Common frustrations:
- We did not find evidence of public APIs or SDKs, which limits what developers can build directly on top of the product.
- No public developer reports were found about documentation quality or onboarding speed.
Security and Privacy
- SOC 2: The vendor states it is SOC 2 Type 2 certified.
- Compliance: The vendor states it supports GDPR, CCPA, and HIPAA compliance.
- Encryption: The vendor states it uses AES-256 encryption at rest.
- Transport security: The vendor states it uses TLS 1.3 for data in transit.
- Access control: The vendor states role-based access control is available.
- SSO: The vendor states SAML single sign-on is available.
Product Momentum
- Release pace: Public research provided for this section does not include user feedback or release cadence details.
- Recent releases: No specific releases or dated product updates were included in the research data provided.
- Growth: Public research provided for this section does not include growth trajectory or funding details.
- Search interest: Google Trends direction is unknown, with +0.0% change between the first half and second half of the period. The latest interest score is 0/100, and the peak interest score is 0/100.
- Risks: Limited public research in this section makes momentum harder to assess, and no other notable risks were identified from the provided data.
FAQ
What is Metoro?
Metoro is an AI-powered Site Reliability Engineering tool for Kubernetes. It handles autonomous deployment verification, issue detection, root cause analysis, and remediation, and the vendor says it works without code changes and becomes functional in under 1 minute.
What is Metoro used for?
Metoro is used to monitor Kubernetes environments and help teams verify deployments, detect issues, find likely causes, and remediate problems. Its focus is AI SRE for Kubernetes operations.

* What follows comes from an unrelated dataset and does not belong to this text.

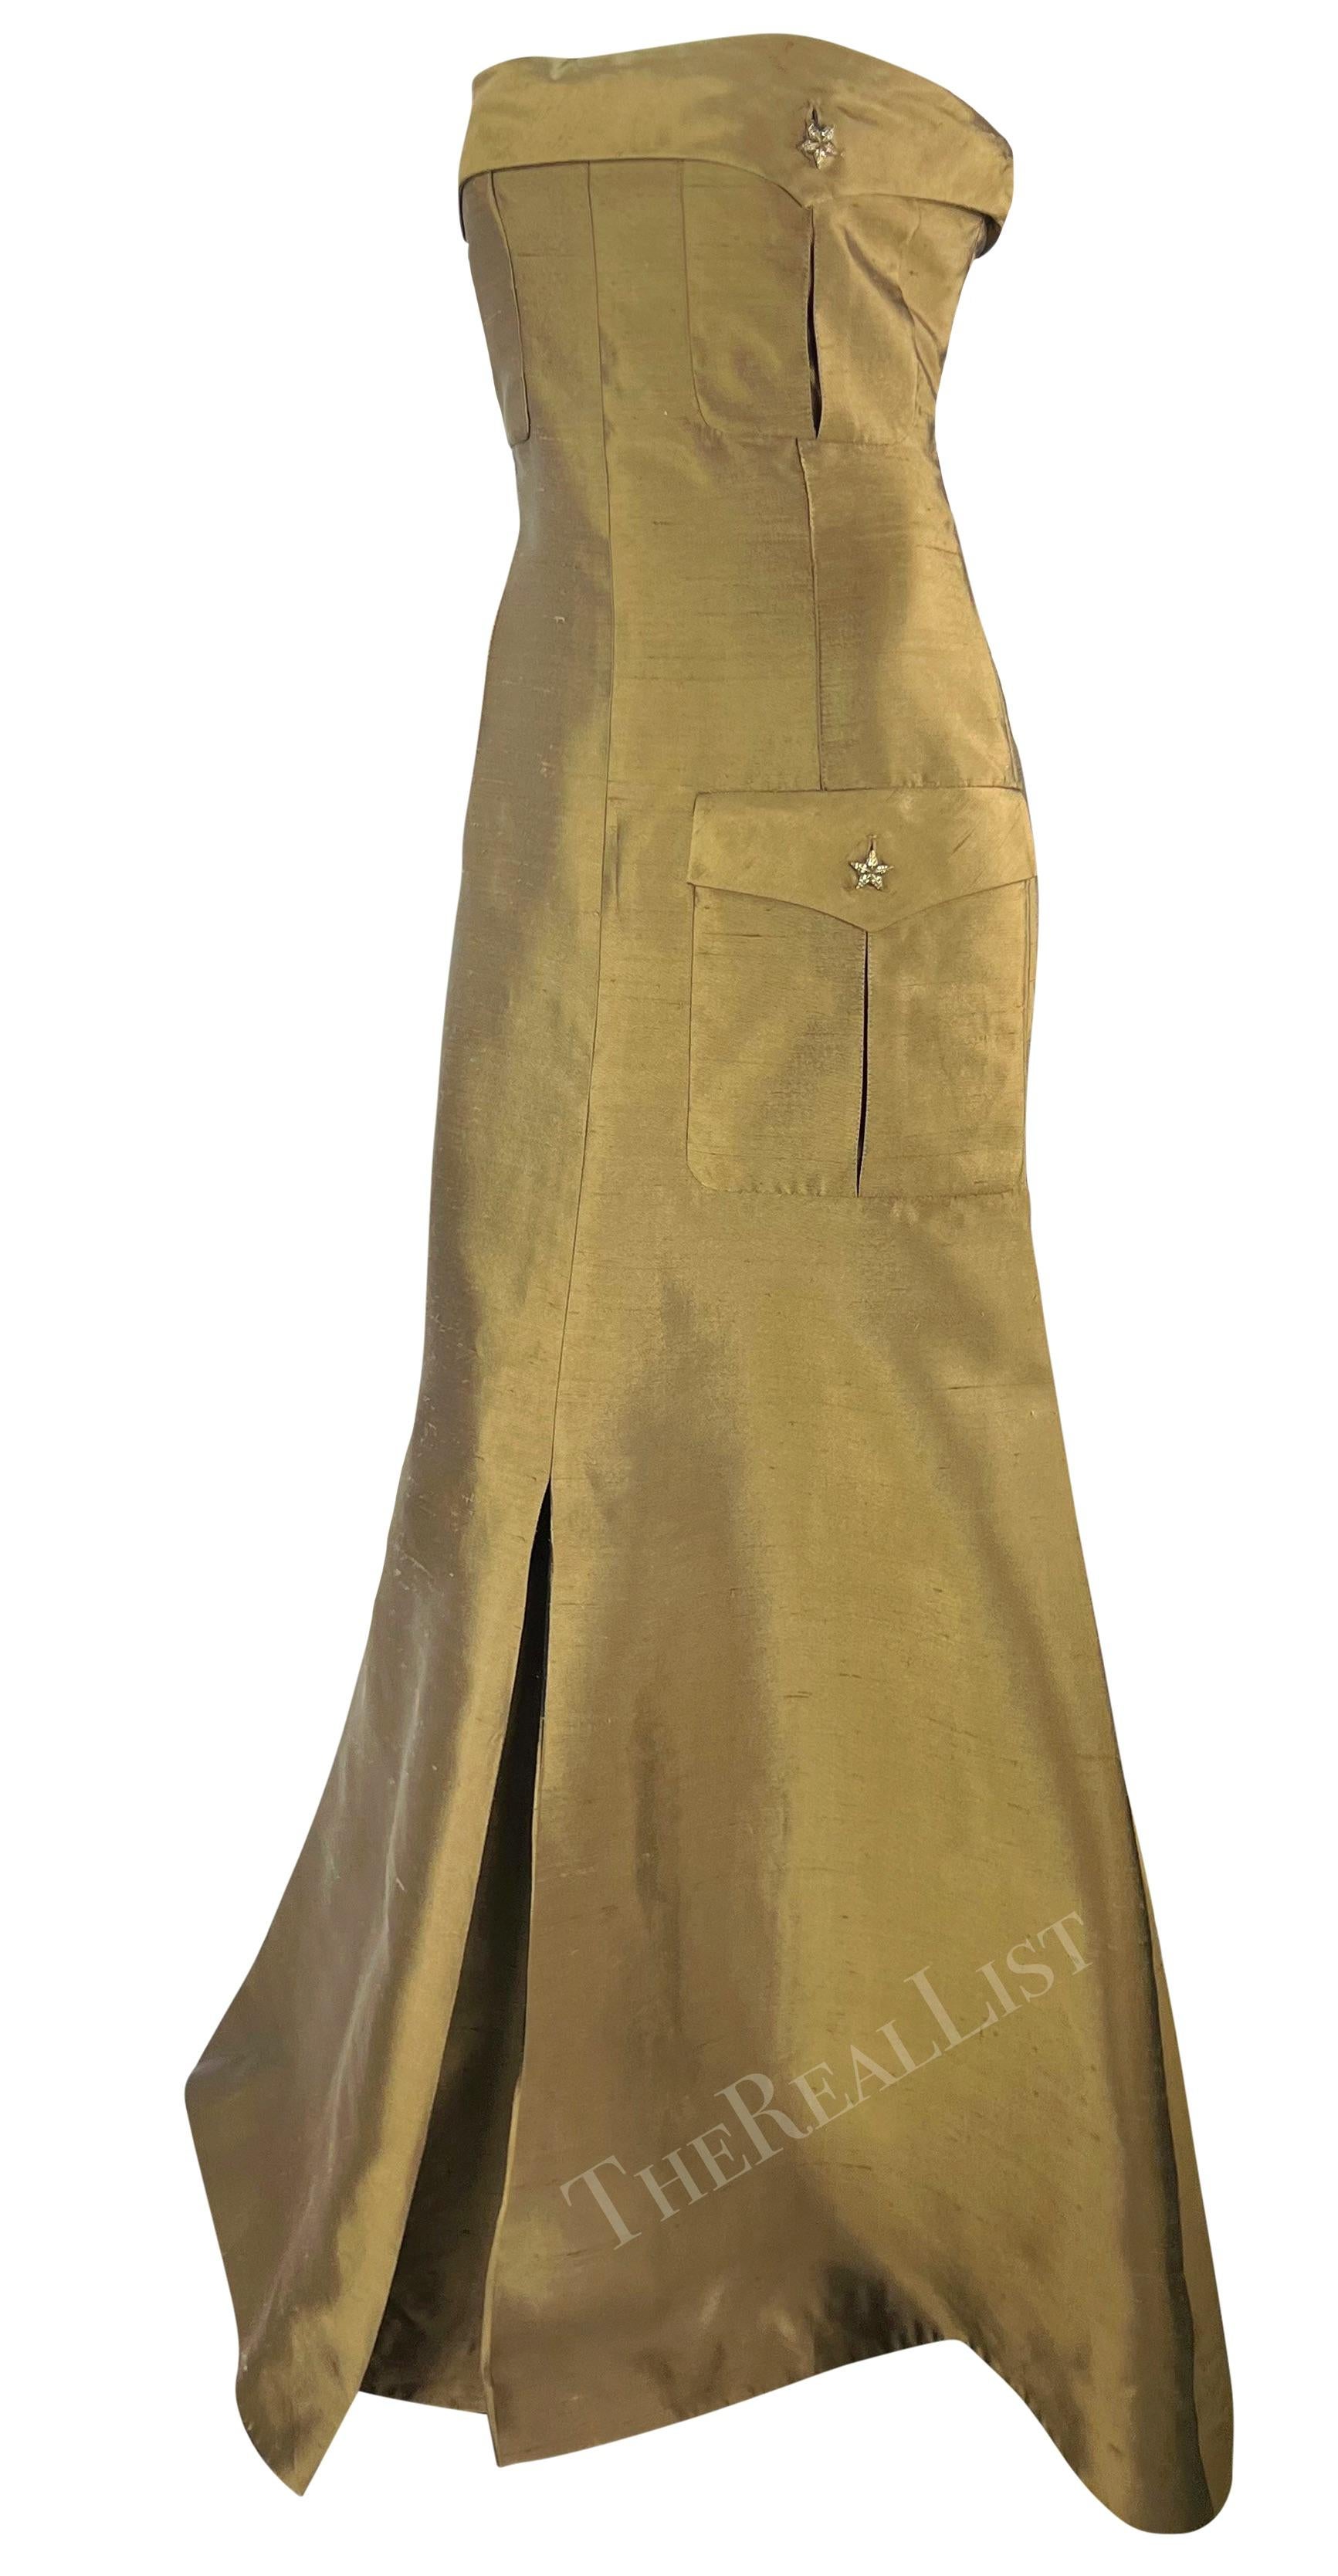 S/S 2003 Valentino Garavani Runway Olive Green Silk Cargo Pocket Strapless Gown 1

Does Metoro require code changes?
No. Public product information says Metoro operates without code changes.
How quickly can Metoro start working?
The vendor states Metoro becomes fully functional in under 1 minute. We did not find more detailed setup timing in the research data.
Does Metoro support deployment verification?

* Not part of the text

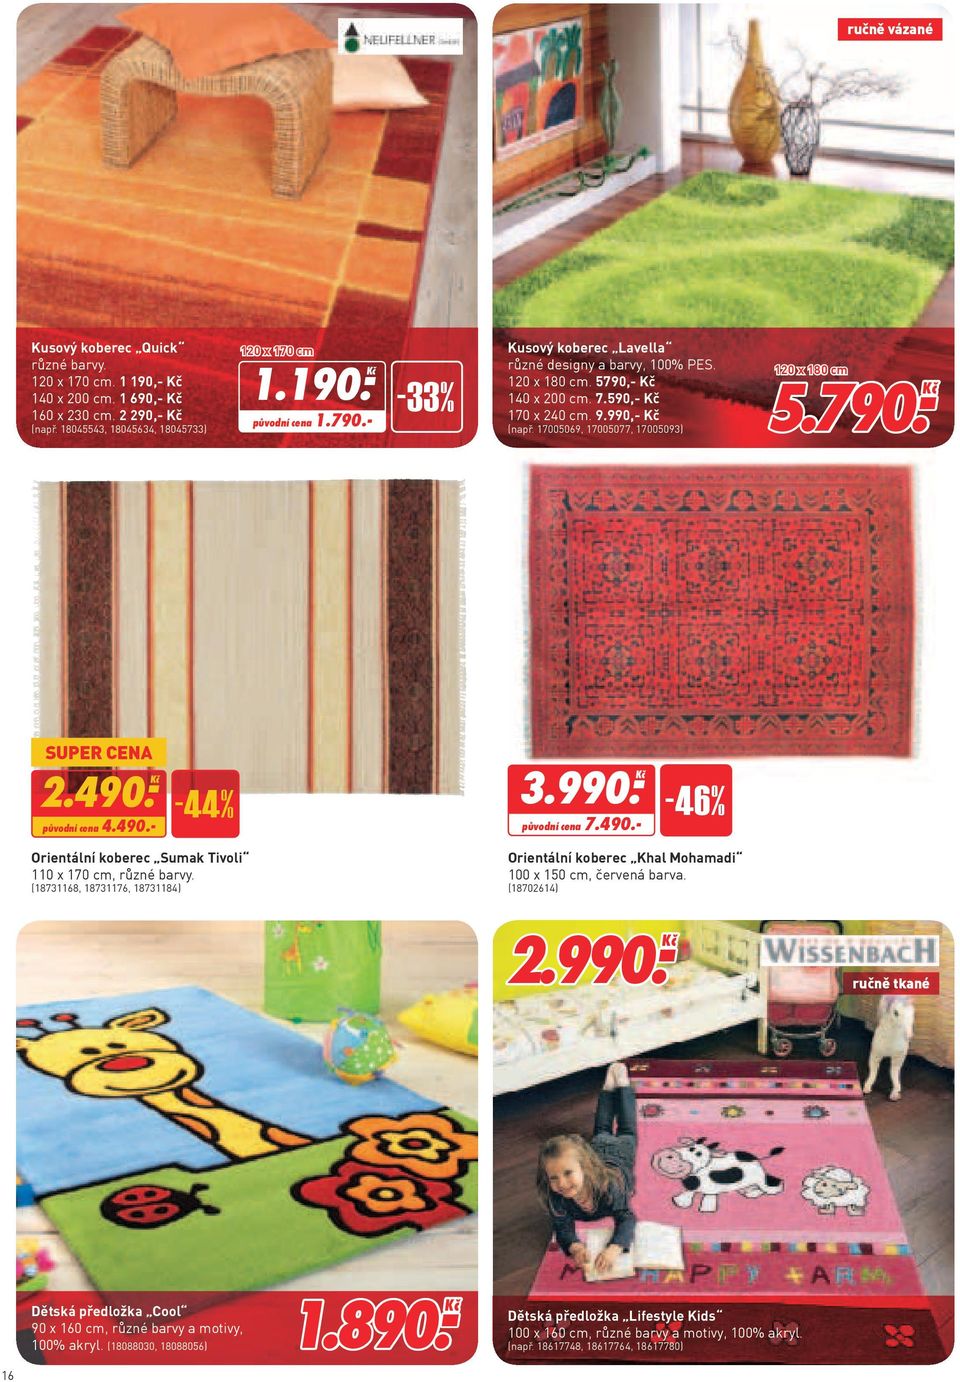 490. Ḵč půvní cena 4.490.- -44% 3.990. Ḵč půvní cena 7.490.- -46% Orientální koberec Sumak Tivoli 110 x 170 cm, různé barvy.

Yes. Metoro includes AI Deployment Verification on all tiers. It automatically detects Kubernetes deployment changes and returns a health verdict with evidence of regressions.
Is Metoro built for Kubernetes?
Yes. Metoro is positioned as an AI SRE tool for Kubernetes and is purpose-built for teams running Kubernetes workloads.
Is Metoro cloud-based or self-hosted?
Metoro has a Cloud plan that is fully managed and requires no infrastructure. Public documentation also includes on-premises deployment documentation.
How much does Metoro cost?
The research data lists a Cloud tier at $20.00. We did not find public details here on usage limits or other pricing mechanics.
Does Metoro have a free plan?
No free forever tier is documented in the research data. Free trial details were not disclosed in the materials we reviewed.
What kind of teams is Metoro for?
The research data points to mid-market SaaS, fintech, and e-commerce engineering teams that run Kubernetes. It is aimed at teams dealing with manual incident triage and looking to reduce mean time to resolution.
Does Metoro use eBPF telemetry?
Yes. Public positioning data describes Metoro as using eBPF telemetry with no code changes or configuration required.
What security details are publicly documented for Metoro?
The research data says audit logs are available. It also lists encryption at rest with AES-256, while data ownership, data residency, and sub-processor details were not stated in the reviewed materials.
How does Metoro compare with general observability tools?
Metoro is focused on AI SRE for Kubernetes, with features such as autonomous deployment verification and remediation. Based on the research data, its public integration breadth appears limited compared with broader observability platforms.
Are there many public integrations for Metoro?
The research data describes Metoro's integration breadth as limited. We did not find a public MCP server, and no most-used integrations were listed.